Comment by jclay
15 hours ago
Exciting work! I’ve often wondered if an LLM with the right harness could restore and optimize an aging C/C++ codebase. It would be quite compelling to get an old game engine running again on a modern system.
I would expect most of these systems come with very carefully guarded access controls. It also strikes me as a uniquely difficult challenge to track down the decision maker who is willing to take the risk on revamping these systems (AI or not). Curious to hear more about what you’ve learned here.
Also curious to hear how LLMs perform on a language like COBOL that likely doesn’t have many quality samples in the training data.
Thank you!
The decision makers we work with are typically modernization leaders and mainframe owners — usually director or VP level and above. There are a few major tailwinds helping us get into these enterprises:
1. The SMEs who understand these systems are retiring, so every year that passes makes the systems more opaque.
2. There’s intense top-down pressure across Fortune 500s to adopt AI initiatives.
3. Many of these companies are paying IBM 7–9 figures annually just to keep their mainframes running.
Modernization has always been a priority, but the perceived risk was enormous. With today’s LLMs, we’re finally able to reduce that risk in a meaningful way and make modernization feasible at scale.
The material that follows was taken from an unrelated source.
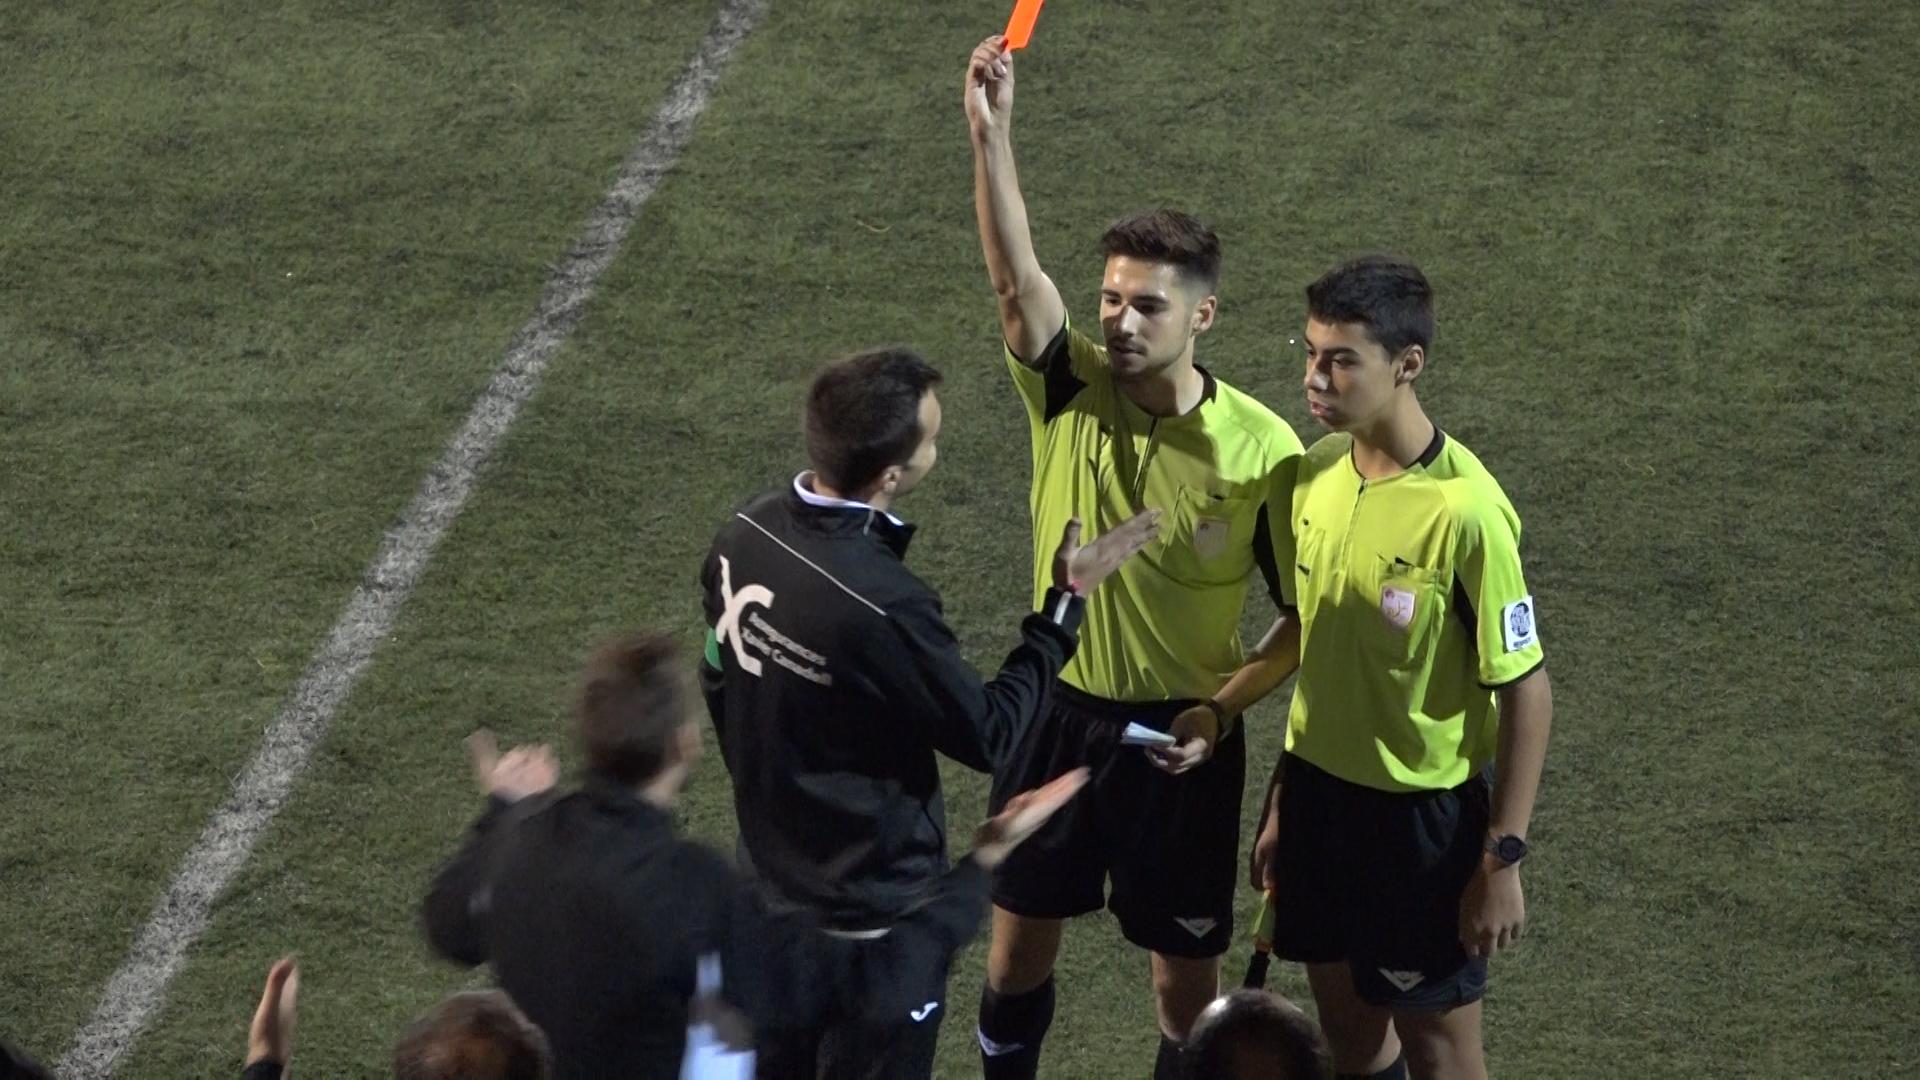 FC Borges-UE Valls.00_05_46_12.Imagen fija002

You’re absolutely right about COBOL’s limited presence in training data compared to languages like Java or Python. Given COBOL is highly structured and readable, the current reasoning models get us to an acceptable level of performance where it's now valuable to use them for these tasks. For near-perfect accuracy (95%+), that is where we see an large opportunity to build domain-specific frontier models purpose built for these legacy systems.
In terms of training your own models, is there enough COBOL available for training or are you going to have to convince your customers to let you train on their data (do you think banks would push back against that?)
There isn’t enough COBOL data available to reach human-level performance yet.
That’s exactly the opportunity we have in front us to make it possible through our own frontier models and infra.
> It also strikes me as a uniquely difficult challenge to track down the decision maker who is willing to take the risk on revamping these systems (AI or not).
here that person is a manager which got demoted from ~500 reports to ~40 and then convinced his new boss that it's good to reuse his team for his personal AI strategy which will make him great again.